DATA SEGMENT:
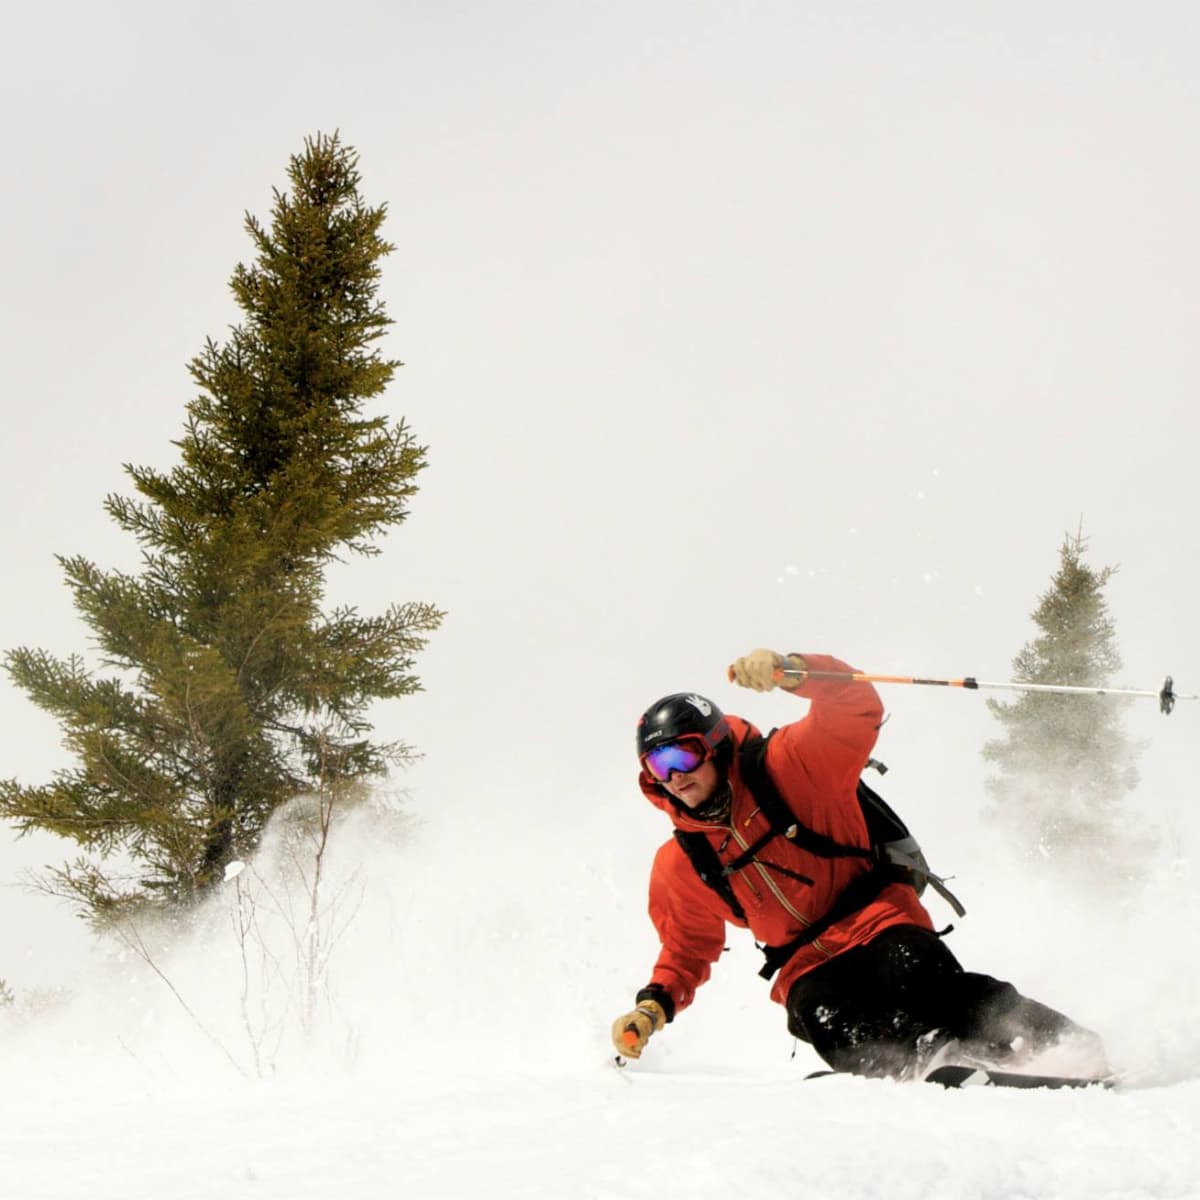 Hot Chic' and Other Words on Skiing the Gaspé Peninsula - Powder
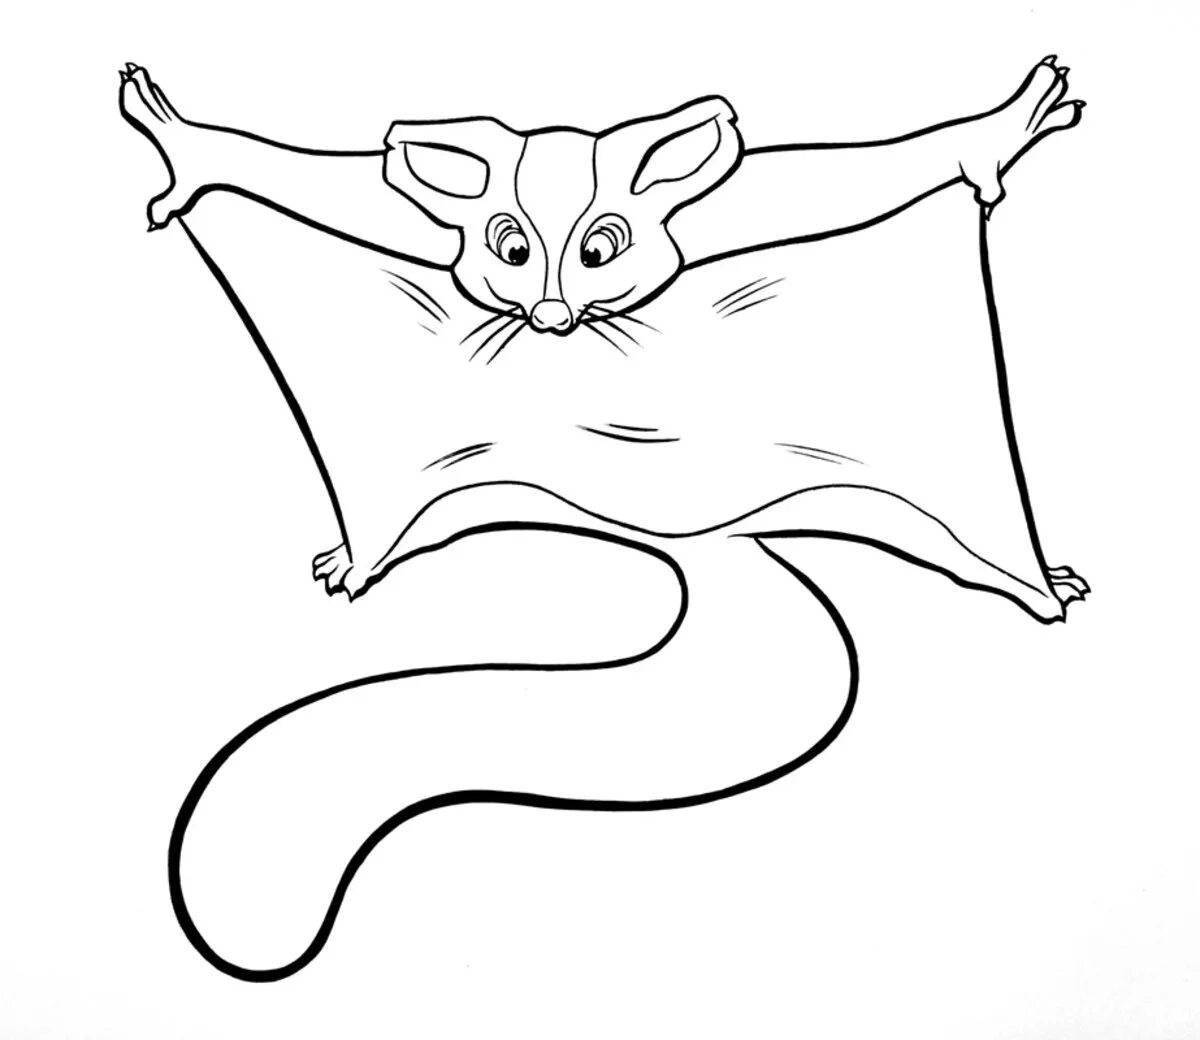 Incredible flying squirrel coloring book
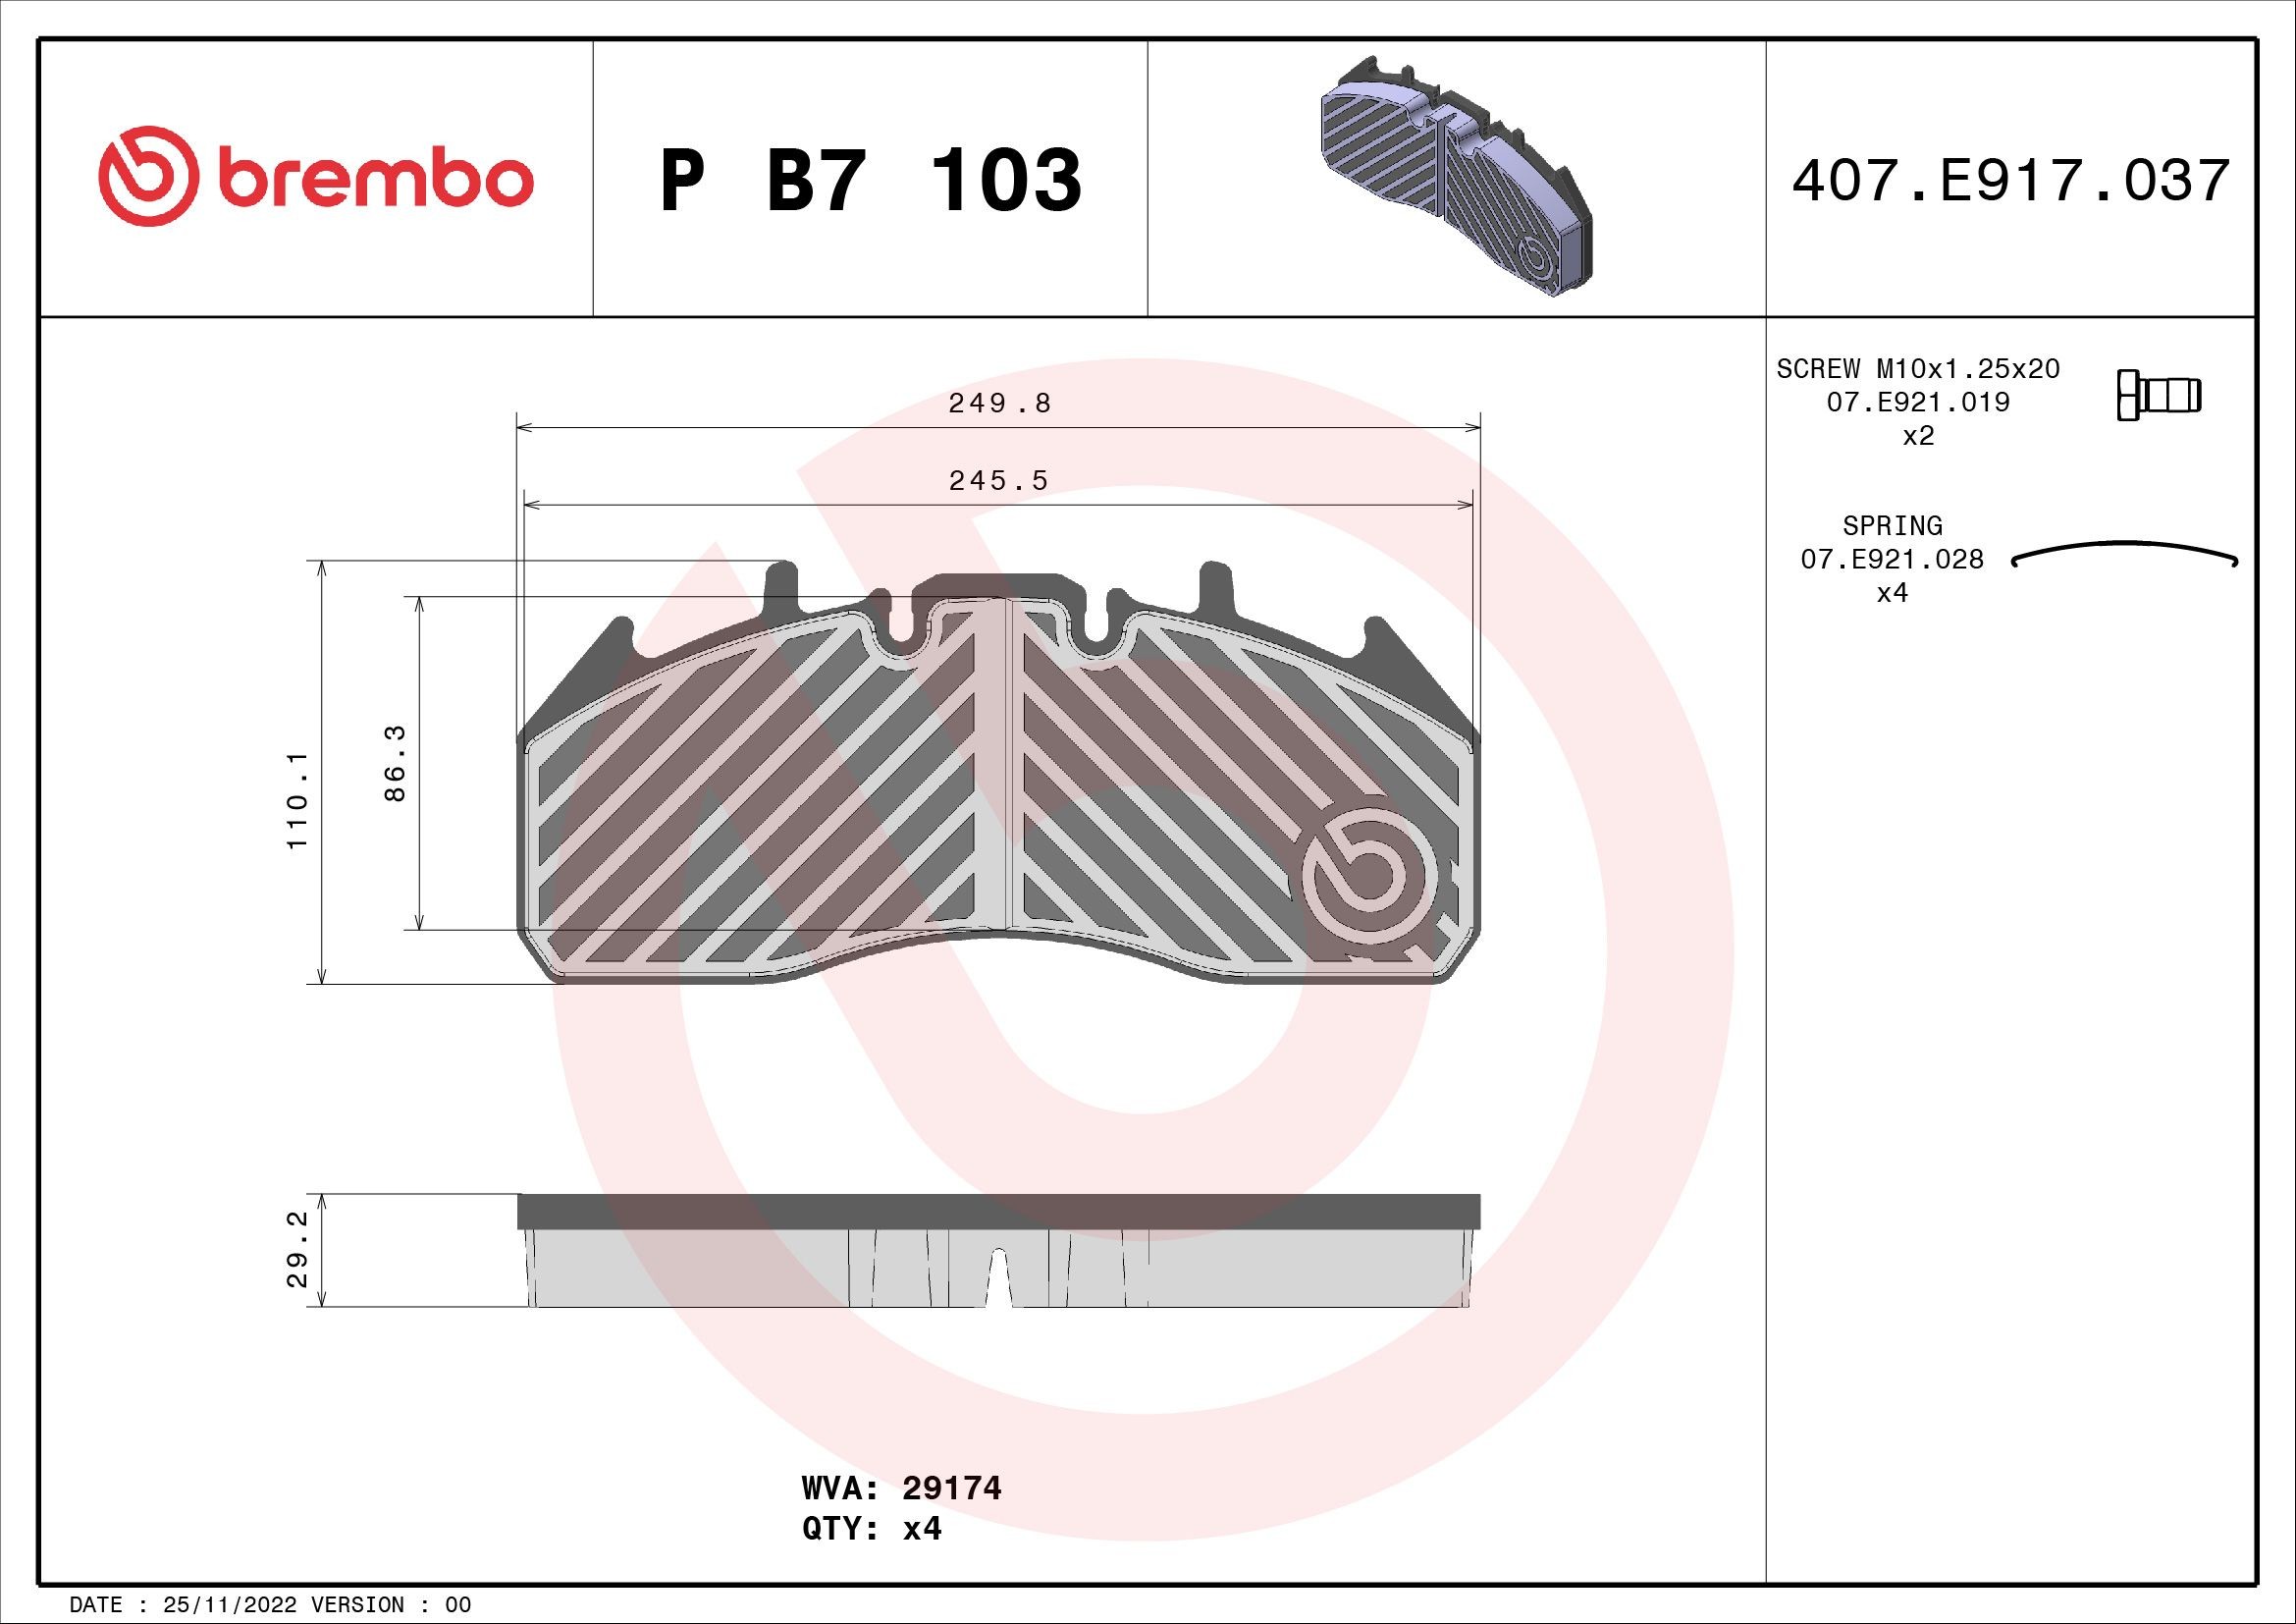 BREMBO prepared for wear indicator, with accessories Height: 110mm, Width: 250mm, Thickness: 29mm Brake pads P B7 103 buy

TO DO:
Locate "Incredible flying squirrel coloring book" in the listing above, then print exactly the lines from that line through the final one, omitting all pictures.

RESULT:
 Incredible flying squirrel coloring book
 BREMBO prepared for wear indicator, with accessories Height: 110mm, Width: 250mm, Thickness: 29mm Brake pads P B7 103 buy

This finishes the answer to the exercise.